Examining the Influence of Spatial Smoothing on Spatiotemporal Features of Intrinsic Connectivity Networks at Low ICA Model Order.

Abstract

Using a relatively high model order of independent component analysis (ICA with 75 ICs) of functional magnetic resonance imaging (fMRI) data, we have reported a clear effect of spatial smoothing Gaussian kernel size on spatiotemporal properties of intrinsic connectivity networks (ICNs). However, many if not the majority of ICA fMRI studies are usually performed at low model order, e.g., 20-IC decomposition, as such low order is generally enough to extract the few networks of interest such as the default-mode network (DMN). The aim of this study is to investigate if we can replicate the spatial smoothing effects on spatiotemporal features of ICNs at low ICA model order. Same resting state fMRI data that we used with 75-IC analysis were used here.
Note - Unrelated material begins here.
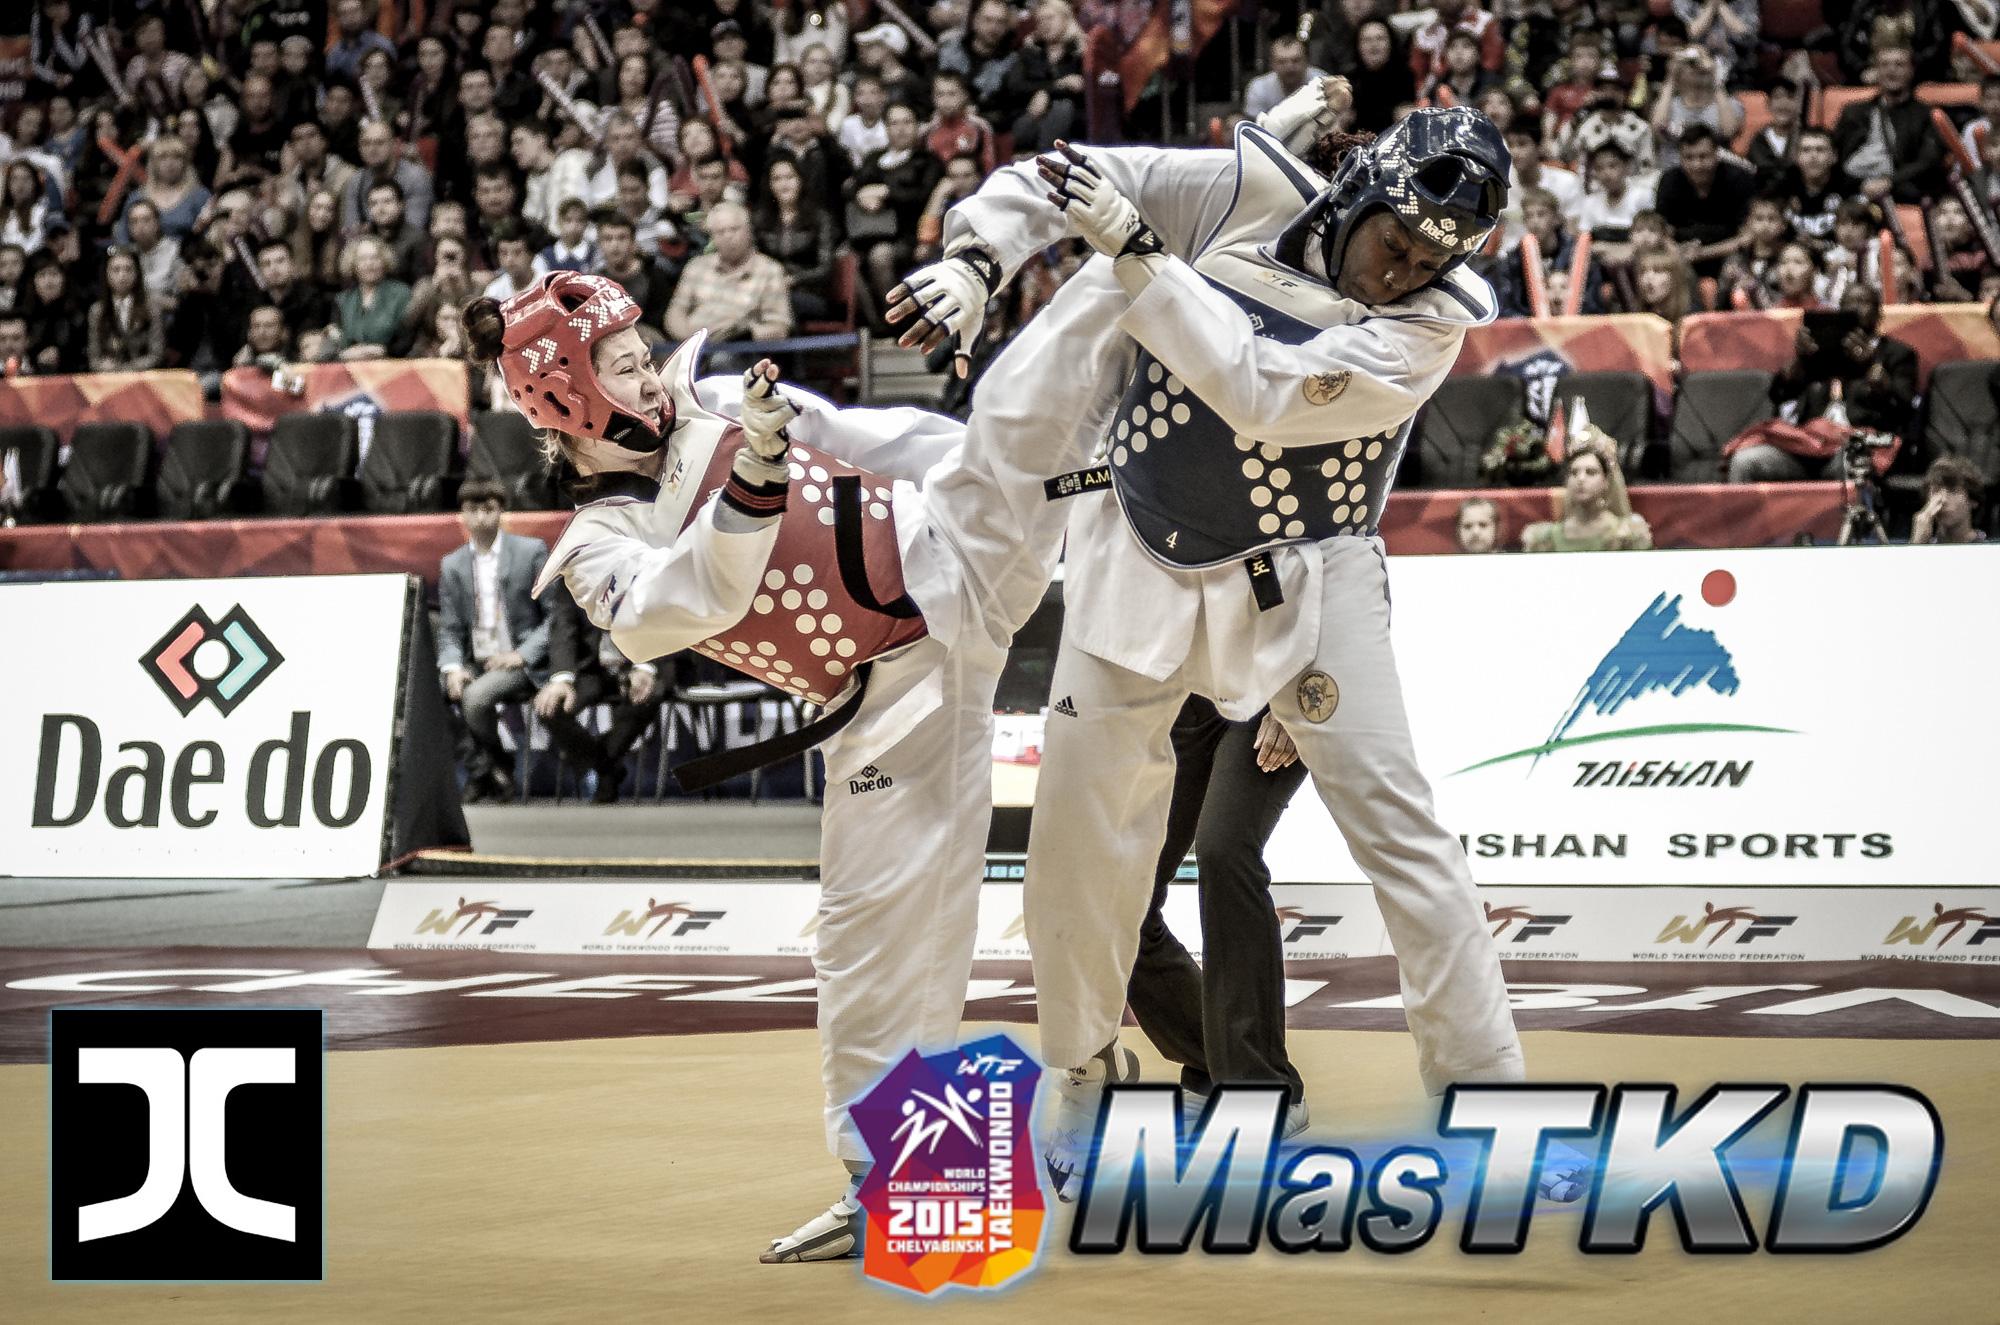 09_JCalicu-Mejores-imagenes-del-Mundial-de-Taekwondo_d5

Spatial smoothing using an isotropic Gaussian filter kernel with full width at half maximum (FWHM) of 4, 8, and 12 mm was applied during preprocessing. ICNs were identified from 20-IC decomposition and evaluated in terms of three primary features: spatial map intensity, functional network connectivity (FNC), and power spectra. The results identified similar effects of spatial smoothing on spatial map intensities and power spectra at p < 0.01, false discovery rate (FDR) corrected for multiple comparisons. Reduced spatial smoothing kernel size resulted in decreased spatial map intensities as well as a generally decreased low-frequency power (0.01 - 0.10 Hz) but increased high-frequency power (0.15 - 0.25 Hz). FNC, however, did not show a uniform change in correlation values with the size of smoothing kernel. Notably, FNC between DMNs decreased but FNC between central executive and visual networks increased with an increase in smoothing kernel size. These preliminary findings confirm spatial smoothing influences ICN features regardless of model order. The discussion focuses on differences between observed changes at low and high ICA model orders.